Imediatamente após a ingestão de yagé, o usuário vomita; em seguida, começam os efeitos propriamente ditos: embriaguez acompanhada por alucinações e espoucar de luzes coloridas. Também pode ocorrer insonia, perda de coordenação e vertigens. à medida que os efeitos se intensificão, as alucinações entram num grau mais avançado e o usuário pode experimentar um aumento de visão noturna e um desenvolvimento da energia psíquica, assim como uma estimulação dos sentidos sexuais

a harmina produz efeitos e sensações semelhantes aos da mescalina, acrescidos de embriaguez. afirma-se que a droga aumenta a percepção extra-sensorial, fazendo com que o usuário adquira a capacidade de prever eventos futuros”.

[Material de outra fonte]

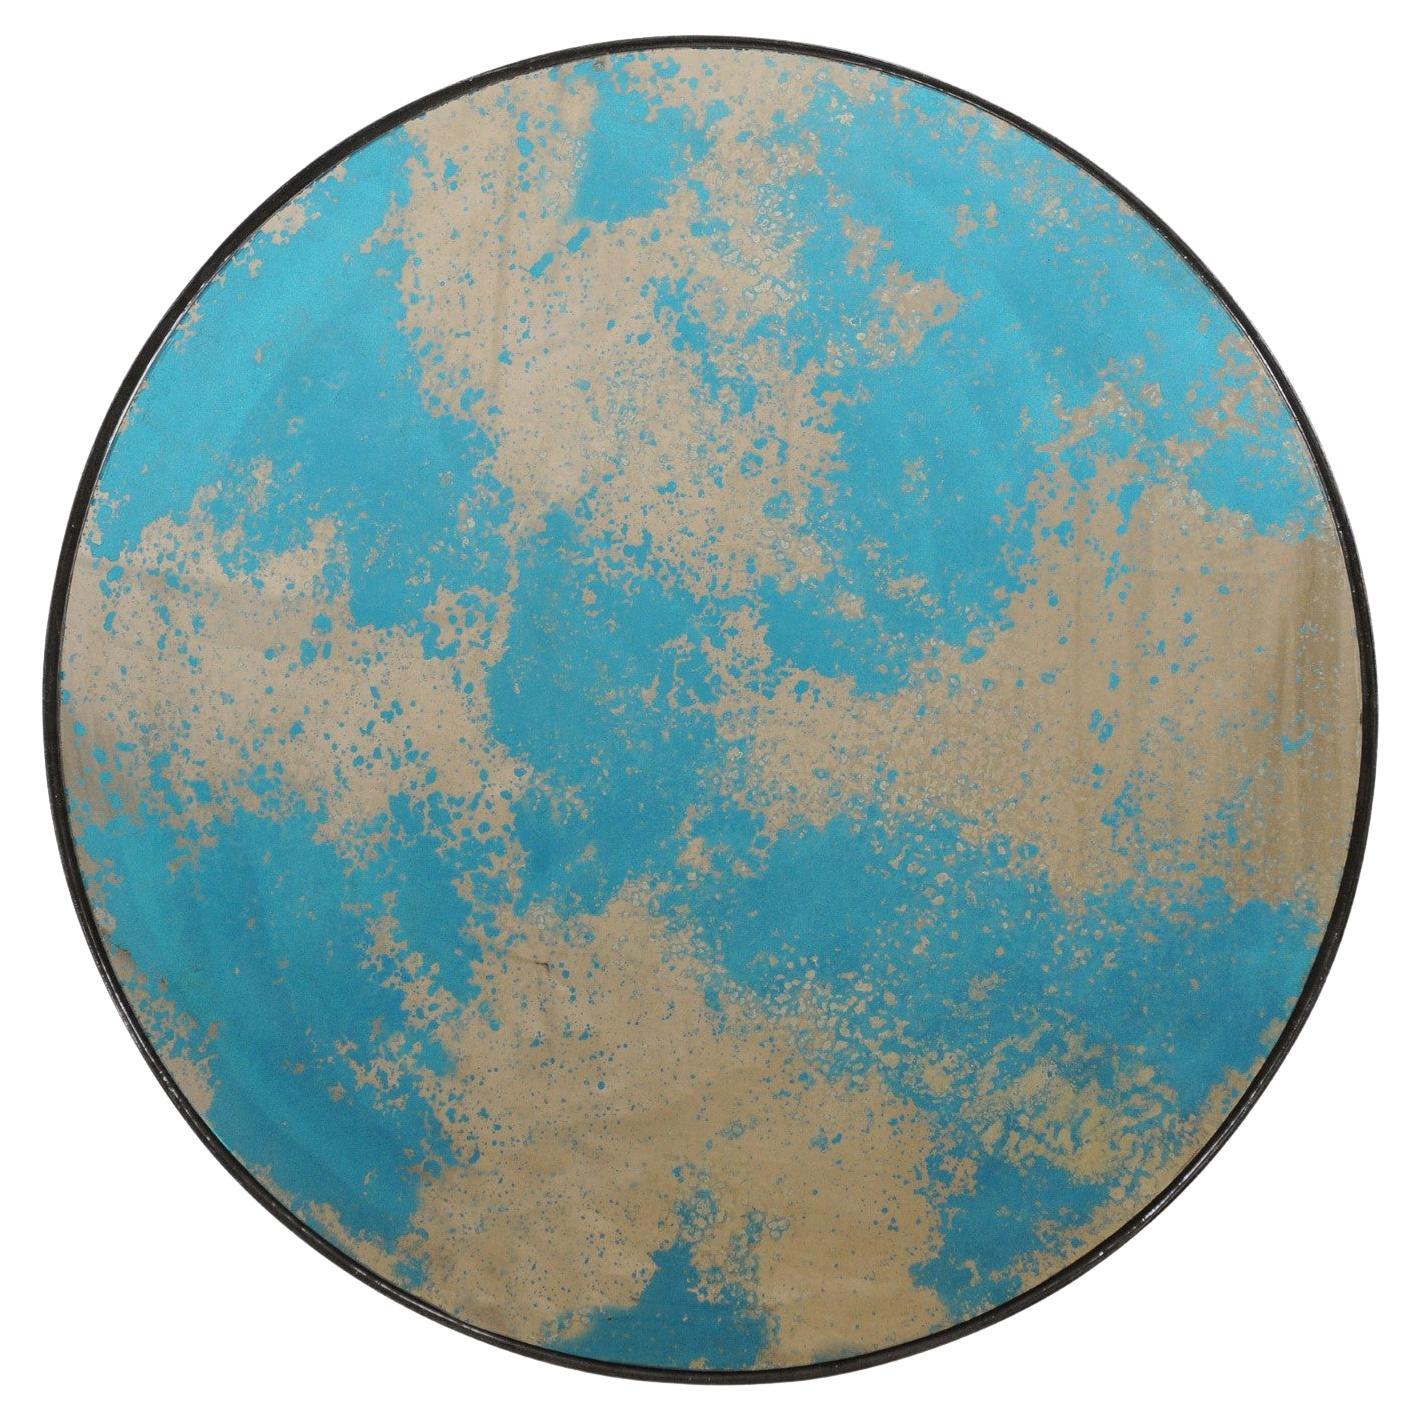 Artisan Crafted Round-Shaped Mirror with Blue/Green Antiqued Glass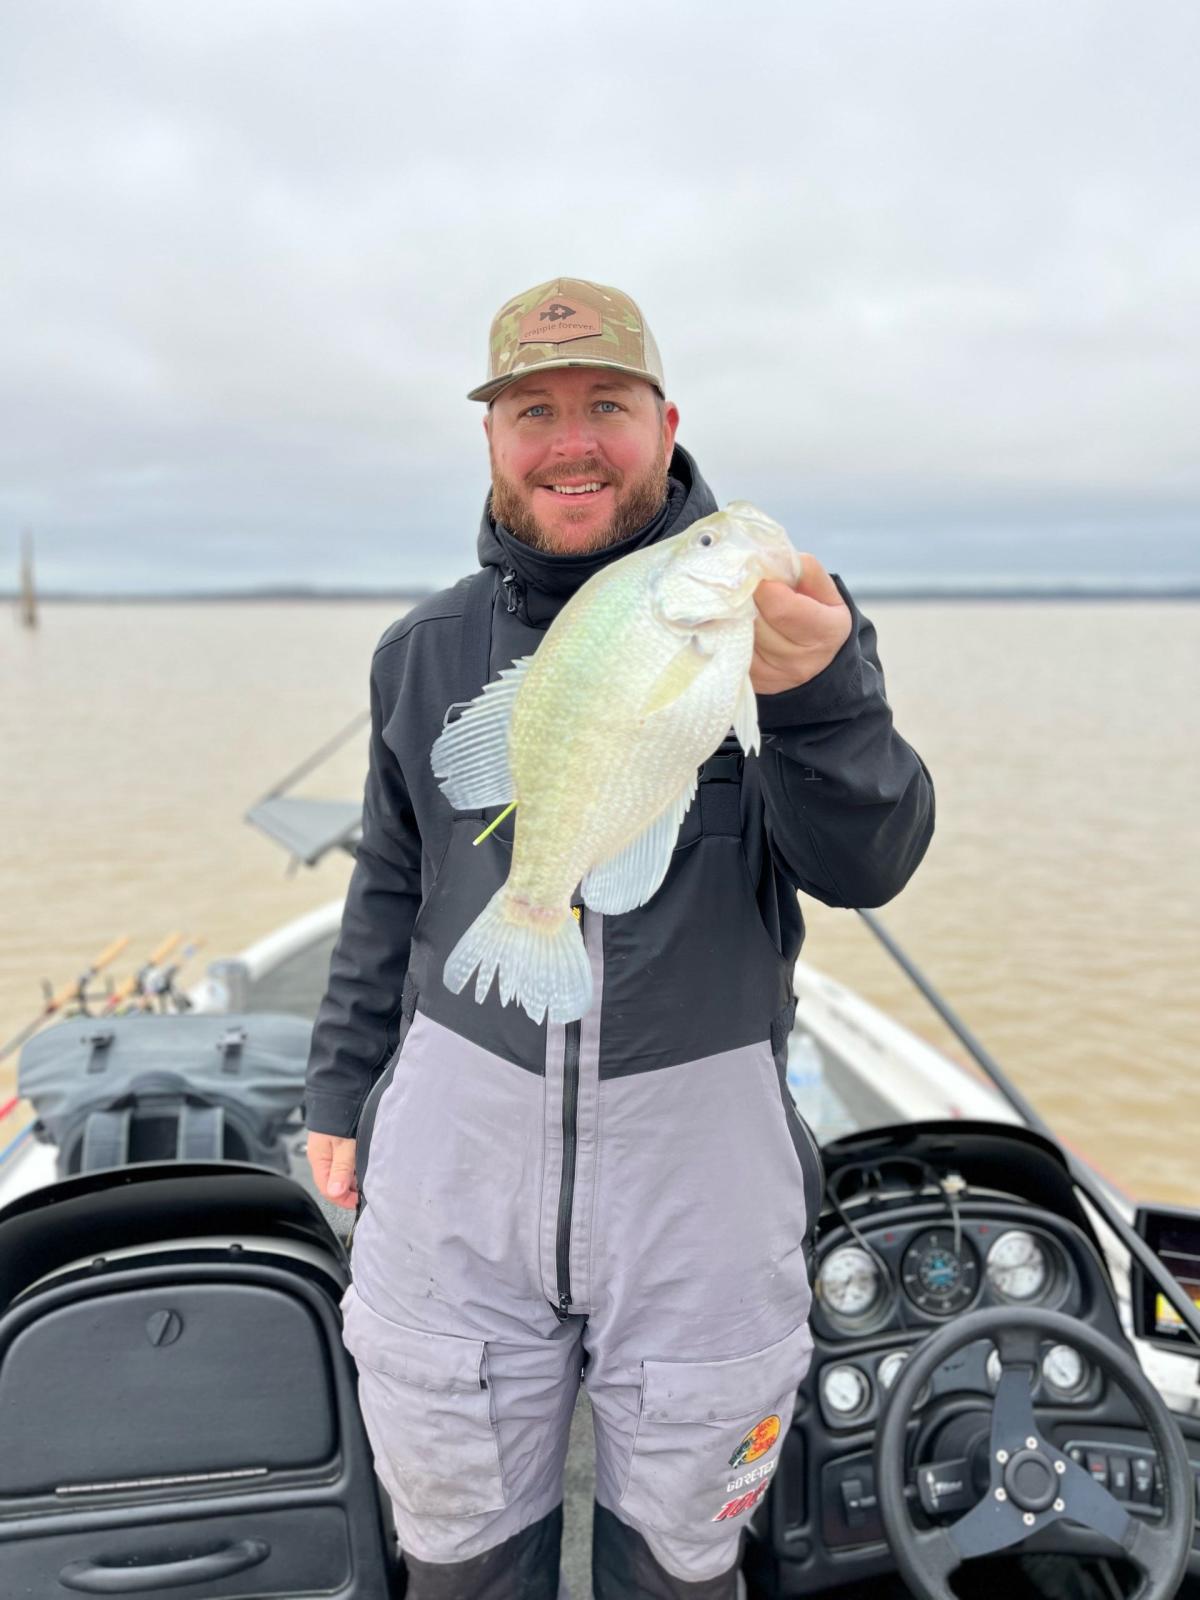 Top 5 Mississippi state lakes for crappie

assim fica mais claro entender porque ele nominou “barato definitivo”. porém, até chegar ao yage, willian percorreu uma trilha úmida e quente, passando por quartos de hotéis baratos com meninos imberbes, insaciáveis e ladrões, além de embates com funcionários públicos corruptos. esse painel é apresentado a ginsberg, ajundando na construção estereotipada do gringo sobre a AL. eu prefiro fazer uma metáfora do explorador obcecado em achar a cidade dourada e despojar tudo o que puder até vomitar. e foi exatamente isso que ele fez, porém nem assim conseguiu, naquele momento, o barato definitivo.